Current Inspector: Jacquelyn Kabiri (703) 397-3017

Inspection Date: May 7, 2019 and May 17, 2019

Complaint Related: Yes

Areas Reviewed:
22VAC40-73 RESIDENT CARE AND RELATED SERVICES

Comments:
Unannounced complaint inspections were conducted on 5/7/19 and 5/17/2019, in response to a complaint that was received by the licensing office on 4/30/19 regarding resident care and related services. Resident record observed, interviews were conducted and facility documentation was reviewed. The allegation regarding standard 550.C was not valid, as the evidence gathered did not support the allegation. The allegation regarding standard 460.H was determined to be valid, as a preponderance of evidence gathered during the investigation supported the allegation. An exit meeting was held. Areas of non-compliance are identified on the violation notice. Please complete the 'plan of correction' and 'date to be corrected' for each violation cited on the violation notice and return to the licensing office within 10 calendar days. Please specify how the deficient practice will be or has been corrected. Just writing the word 'corrected' is not acceptable. The 'plan of correction' must contain: 1) Steps to correct the non-compliance with the standards, 2) Measures to prevent the non-compliance from occurring again, and 3) Person responsible for implementing each step and/or monitoring any preventative measures. Thank you for your cooperation and if you have any questions, contact me via e-mail at m.massenberg@dss.virginia.gov.

Violations:
Standard #: 22VAC40-73-460-H
Complaint related: Yes
Description: Based on documentation, the facility failed to ensure that personal assistance and care are provided to each resident as necessary so that the needs of the resident are met, including assistance or care with: Bathing - at least twice a week, but more often if needed or desired. Evidence: Resident #1's shower record, from March - April 2019, was reviewed during the inspection. Resident #1's UAI, dated 12/1/18, states that the resident needs physical assistance for bathing. According to the shower record, Resident #1 received six showers over the course of seven weeks (3/10/19 - 4/27/19). No documentation of shower refusals was provided, during the inspection.

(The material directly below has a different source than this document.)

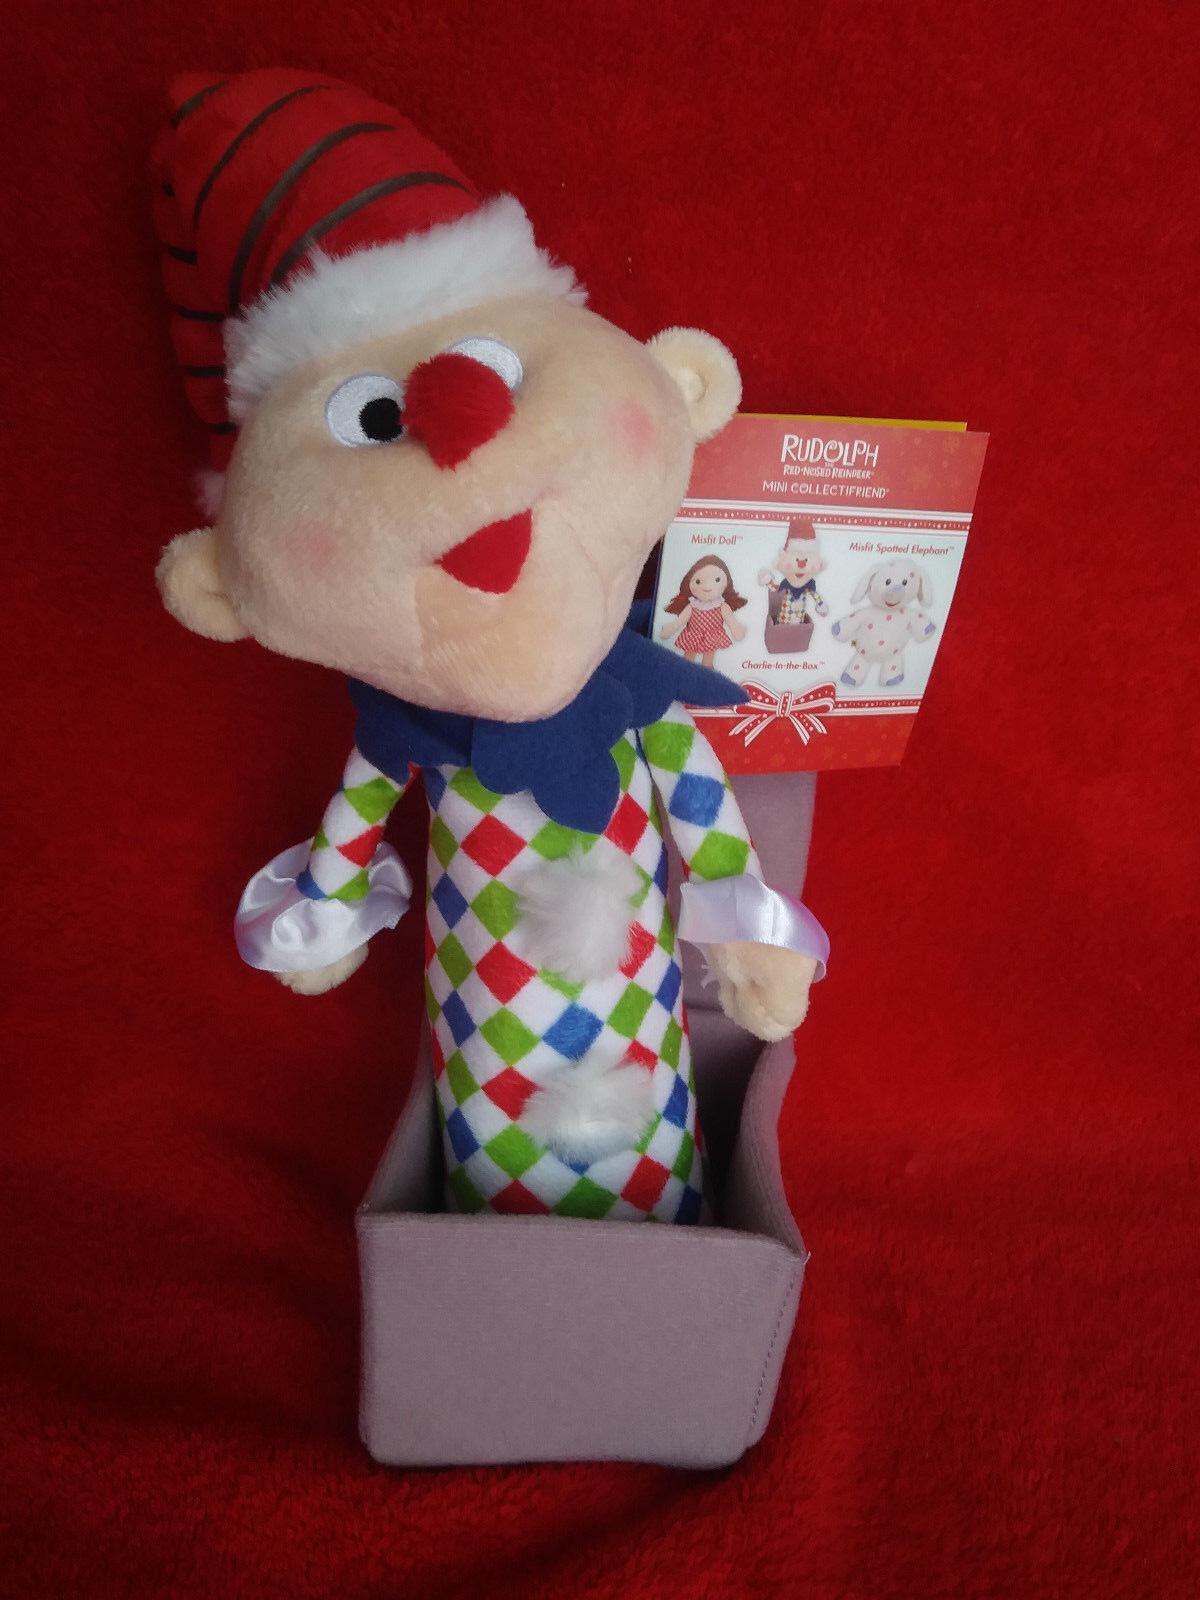 CHARLIE 10  Plush Build A Bear 2010 rudolph misfit toys NEW

Plan of Correction: Resident #1 had a shower record that was being used but staff were not putting the refusals or bed baths. Staff were retrained and told any attempt and/or refusal has to be documented to make sure we are in compliance. An audit of all staff shower records will be completed to identify any other missing records. All staff will be retrained during staff meeting to make sure they are aware that refusals must also be documented. The DON and/or designee will check shower records on rounds and make sure staff are following procedures. The DON and/or designee will do monthly audits on all shower records to ensure all necessary information is documented.

Disclaimer:
This information is provided by the Virginia Department of Social Services, which neither endorses any facility nor guarantees that the information is complete. It should not be used as the sole source in evaluating and/or selecting a facility.